Solving the rubik's cube with a genetic algorithm
ASolving the rubik's cube using genetic programming : reactions after the second post
from : Michiel van der Blonk :
--- "Cyril Castella" <cyrilca@c...> shouts:
> to define kind of a "cube entropy", using that definition : entropy = -(sum[CEp] + sum[ECep]) , where a CEp is a
corner-edge pair (WHICH IS REALLY CORRECT, as opposite to Michiel's more permissive definition
I don't think either one of us is 'more correct' on the topic. I chose the word pair because that is what it is: a pair
of facelets. It's not a pair in the way we form F2L using 'pairs' which are always pairs of an aligned edge and corner.
In fact in my program, such a pair can be described just as easily as a collection of 'simple pairs'.
> the moment is really using only Darwin's laws, and Darwin did not know a single Rubik's cube alg ;-)
But I think if he did he'd be a darned good speedcuber.
> Elitist GA
I usually use this one too.
> each individual is a string of 30 integers representing a solution
how?
> A crossover is a gene exchange with crossover point at random location, a mutation is the replacement of a gene by
another random one.
How is a gene defined?
> I played with the idea of "diseases" in the population, and I kill the 5 weakest individuals at each generation and
replace them with random individuals. I'm probably not the first to have that idea …

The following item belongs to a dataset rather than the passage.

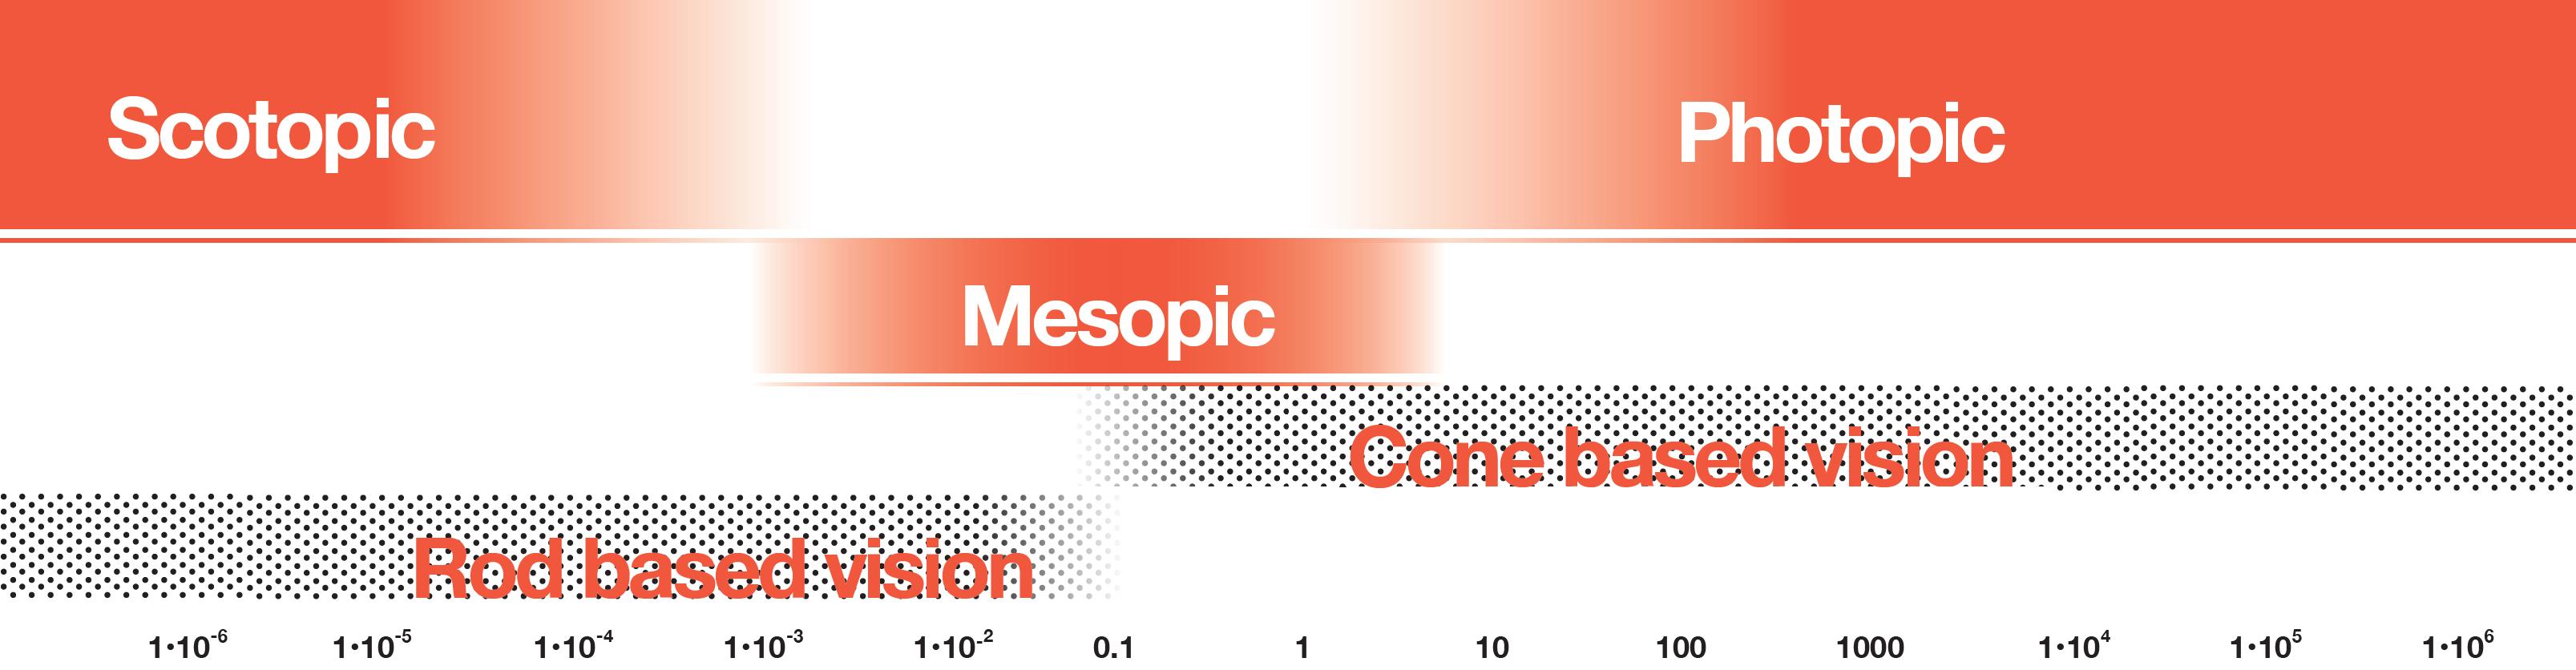 Human eye luminance level range and types of vision: cd/m2

It's new to me. I usually use mutation only.
> and post my FORTRAN codes once they are more presentable
FORTRAN! That's a golden oldy. I might still have my GA library in Pascal somewhere. My most fun GA used to be one that
wrote a program for getting out of a maze. But the cube is more fascinating.
BTW: how many times does it find a solution, and in how many generations? Does it need a lot of processing power?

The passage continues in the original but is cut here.